§ **Work request**:
A faithful transcript of all the lines below, with no pictures, is the goal here.

§ **Information shown**:
"""
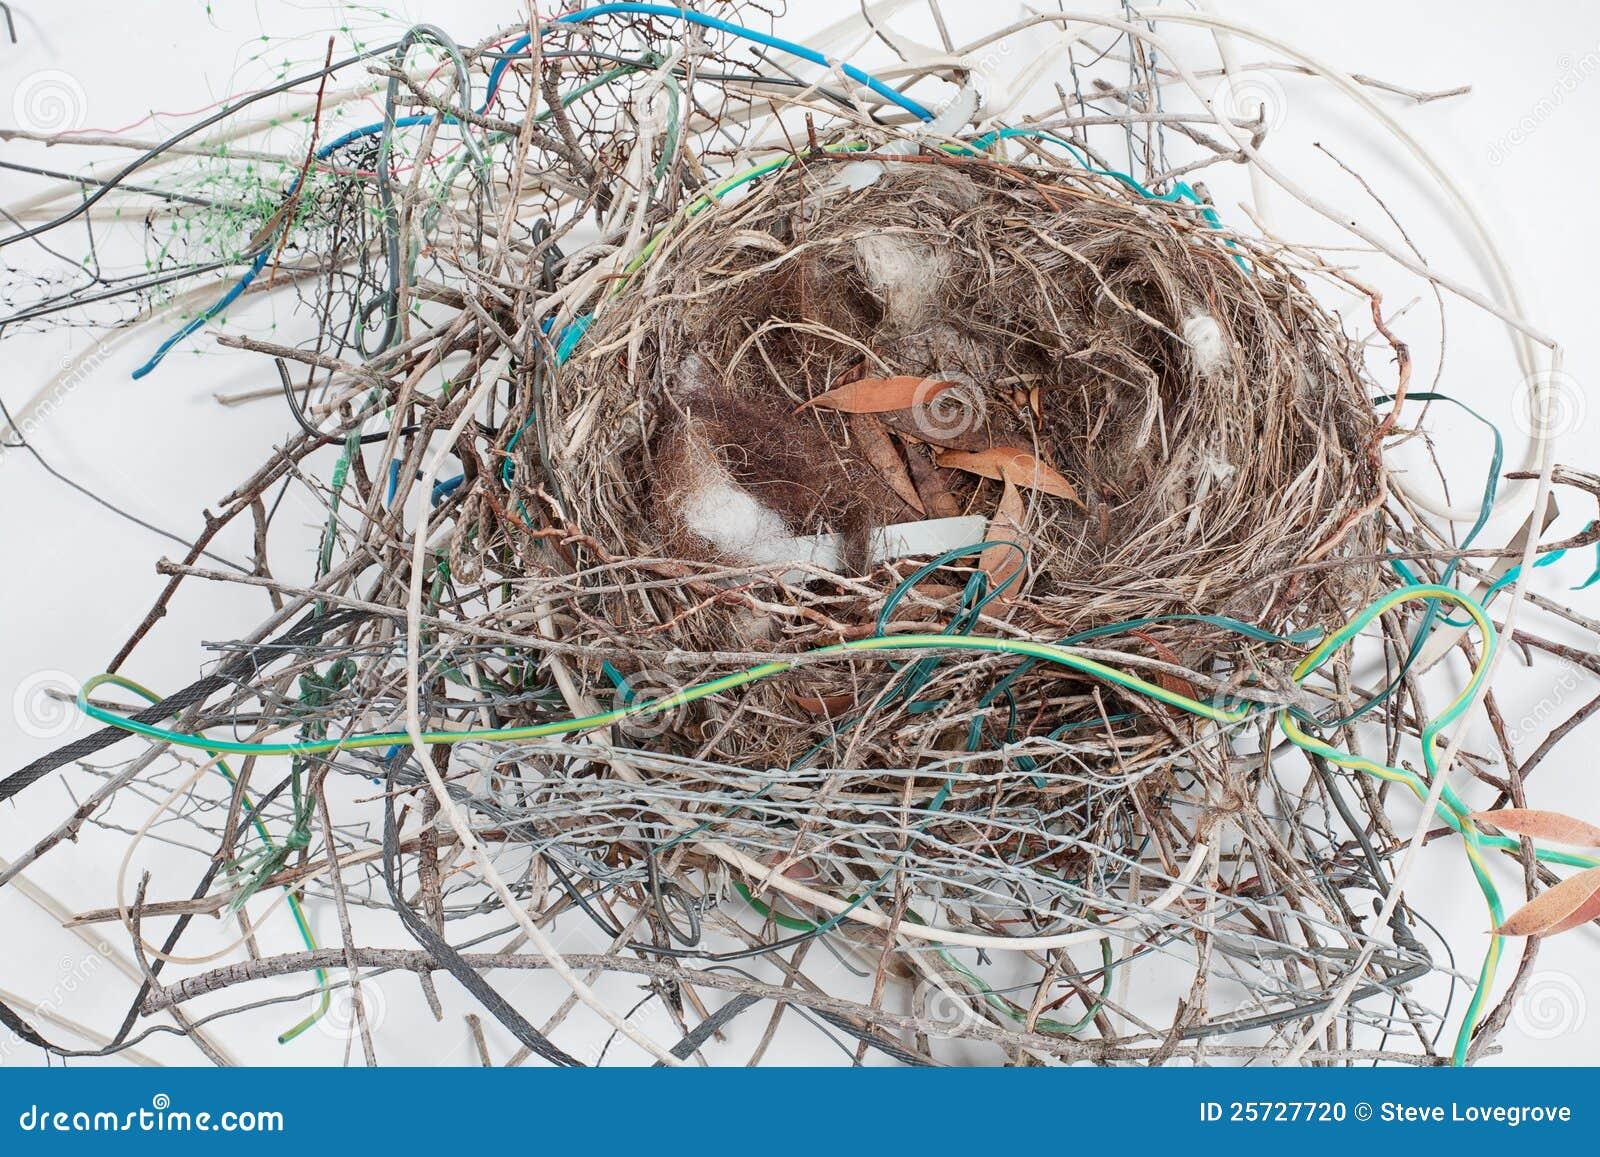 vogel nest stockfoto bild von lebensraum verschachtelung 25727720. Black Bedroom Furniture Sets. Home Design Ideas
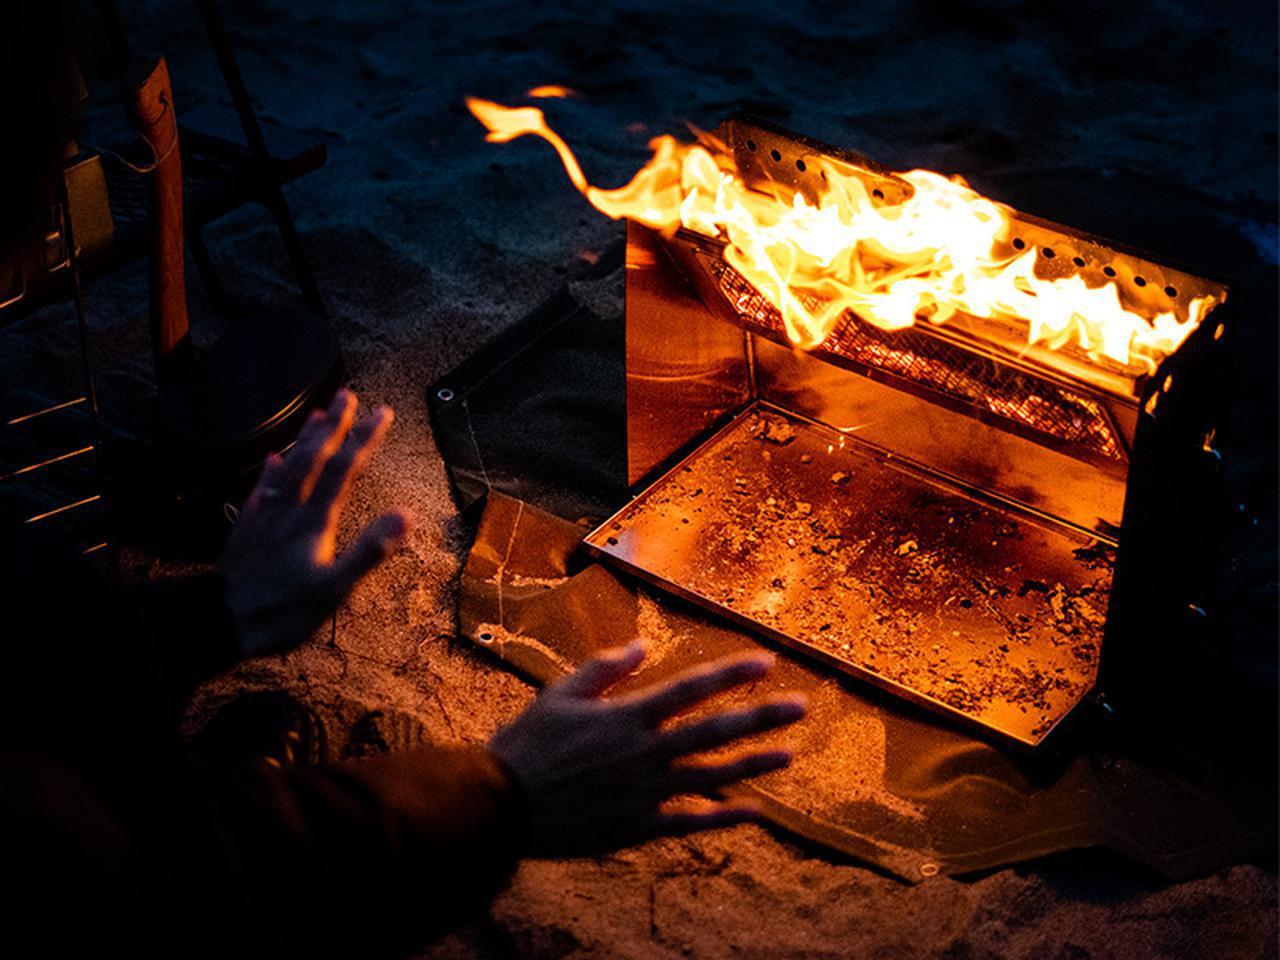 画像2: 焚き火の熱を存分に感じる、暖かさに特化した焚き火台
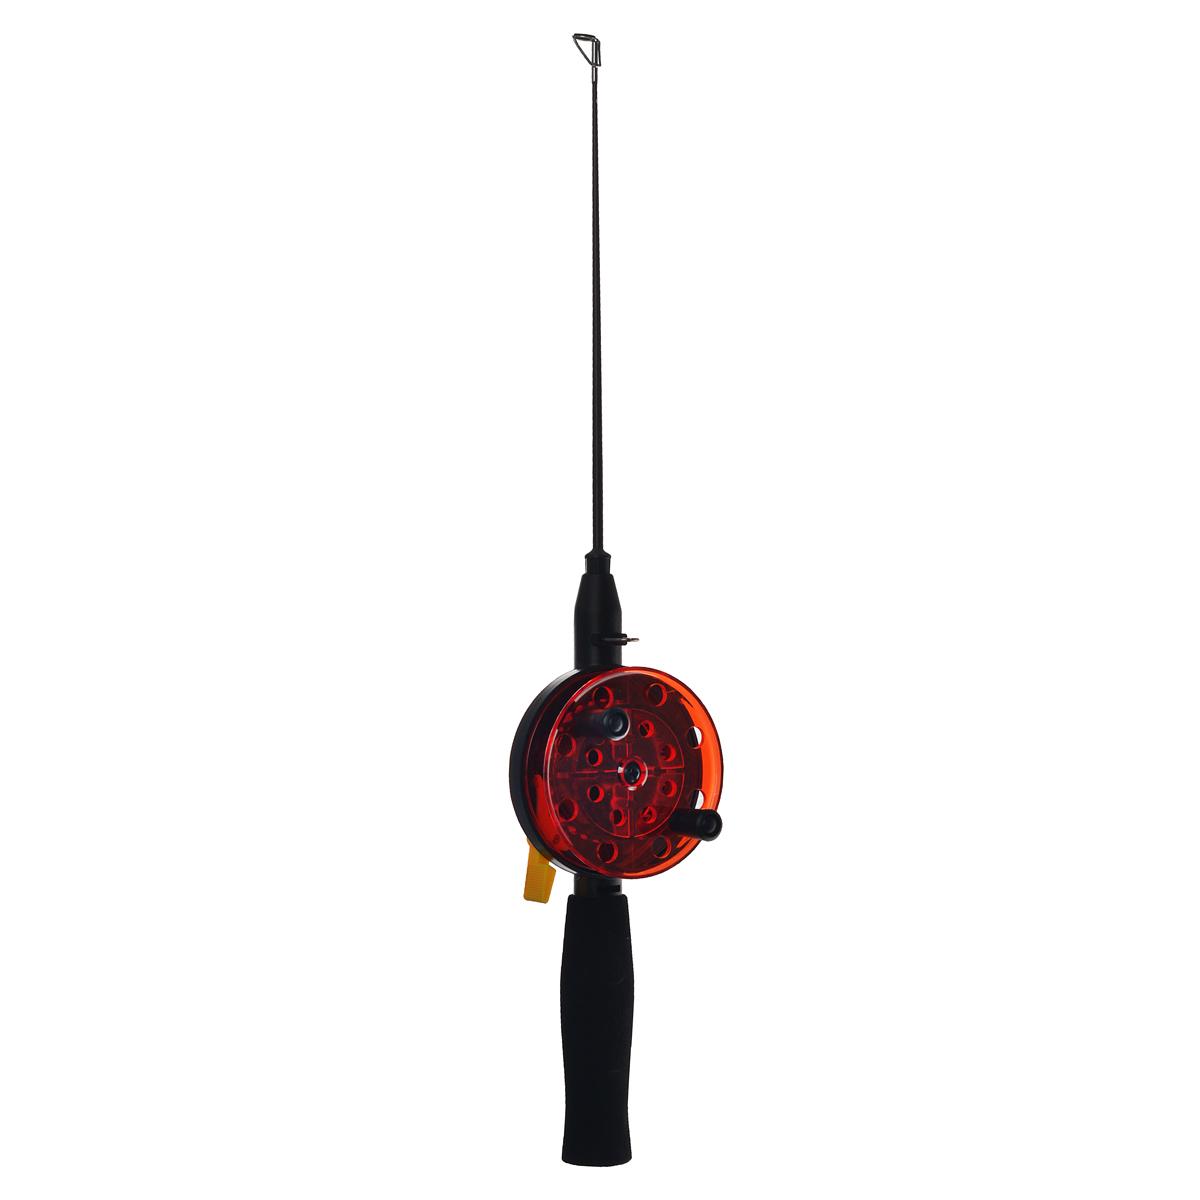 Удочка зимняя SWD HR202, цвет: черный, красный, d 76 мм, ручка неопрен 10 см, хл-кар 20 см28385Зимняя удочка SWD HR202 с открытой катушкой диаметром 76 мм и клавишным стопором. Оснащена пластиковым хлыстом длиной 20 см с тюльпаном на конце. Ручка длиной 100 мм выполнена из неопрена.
"""
§ **Result**:
 vogel nest stockfoto bild von lebensraum verschachtelung 25727720. Black Bedroom Furniture Sets. Home Design Ideas
 画像2: 焚き火の熱を存分に感じる、暖かさに特化した焚き火台
 Удочка зимняя SWD HR202, цвет: черный, красный, d 76 мм, ручка неопрен 10 см, хл-кар 20 см28385Зимняя удочка SWD HR202 с открытой катушкой диаметром 76 мм и клавишным стопором. Оснащена пластиковым хлыстом длиной 20 см с тюльпаном на конце. Ручка длиной 100 мм выполнена из неопрена.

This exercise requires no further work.